Ainsi Caroline Fontaine, enseignante en mathématiques à l’École Saint-Joseph à Saint-Hyacinthe, considère que l’attention portée à la fois aux connaissances et aux compétences entraînera une double évaluation, ce qui risque d’alourdir la tâche. Elle se demande comment pourront être faits ces changements alors que l’on vient tout juste de concevoir du nouveau matériel pédagogique que l’on ne pourra pas transformer du jour au lendemain.

Jean Pouliot, enseignant en physique au Collège de Lévis, s’inquiète lui aussi de la surcharge de travail. Bien qu’on ait réduit les compétences de quatre à trois dans le nouveau bulletin, l’évaluation de chacune de ces compétences équivaut à tripler la tâche. Selon lui, les changements proposés sont surtout du maquillage qui cache l’absence d’une remise en cause sérieuse: la nouvelle approche n’a jamais fonctionné parce qu’une compétence ne se pondère pas et que la réforme se base sur des principes qui ne sont pas applicables dans l’enseignement des sciences.

Les enseignantes et enseignants ne cessent de subir les conséquences de la cacophonie qui se reproduit depuis que la réforme a été implantée. Celle-ci a été imposée trop rapidement, en laissant en plan les enseignantes et les enseignants mal préparés, sans matériel pédagogique adéquat. Au lieu d’être rassembleuse, elle mettait de l’avant des principes qui soulevaient de vives controverses.

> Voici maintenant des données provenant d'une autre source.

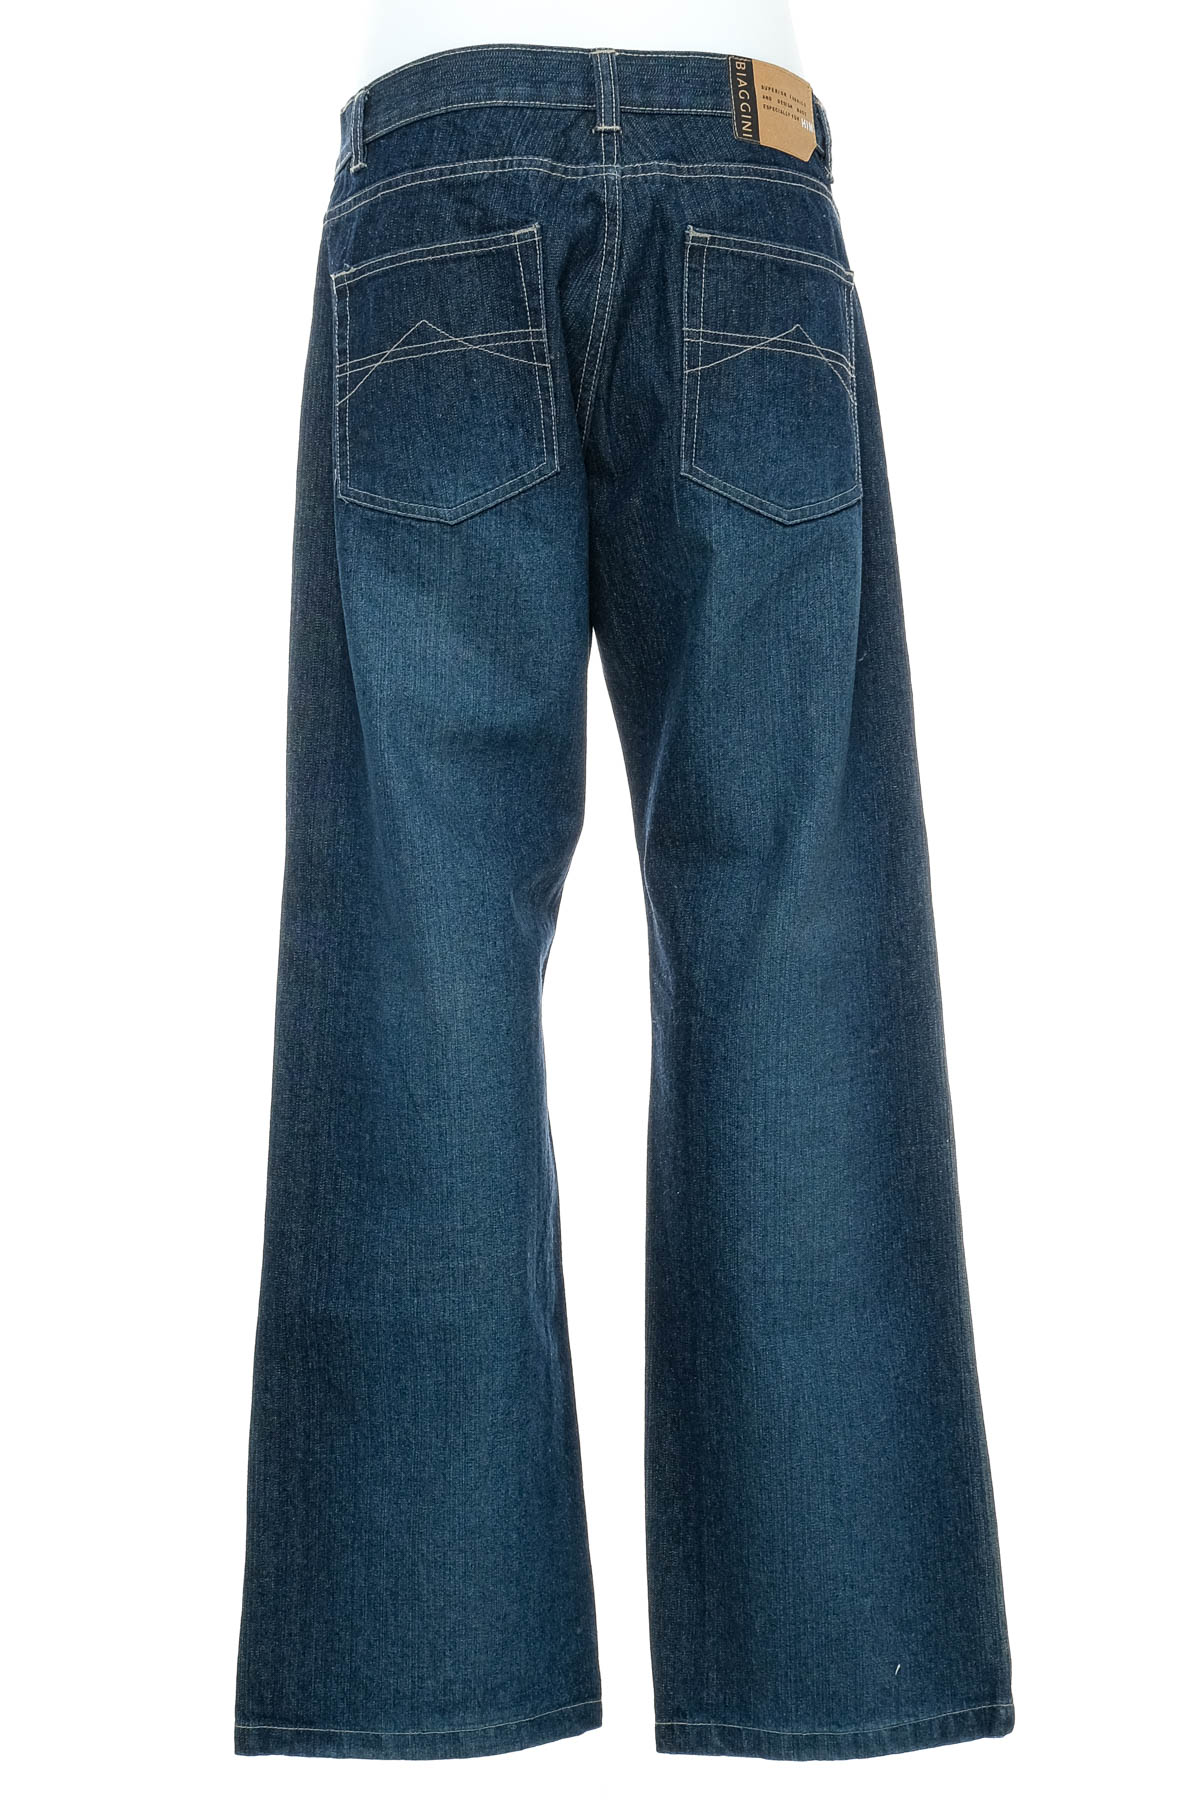 Jeans pentru bărbăți - Biaggini - 1

Elle a été corrigée par la suite sans aucune excuse de la part du MELS pour ses errements, ses erreurs de jugement et pour l’instabilité dans laquelle elle a plongé les enseignantes et les enseignants. Elle poursuit son cheminement chaotique, en avançant et en reculant à la fois. Tout cela avec très peu de consultations des enseignantes et enseignants, comme si ces derniers ne se retrouvaient pas à tous les jours devant les groupes de jeunes, à continuer bravement à transmettre leur savoir, en dépit des hésitations et des turbulences dont ils ne sont en rien responsables.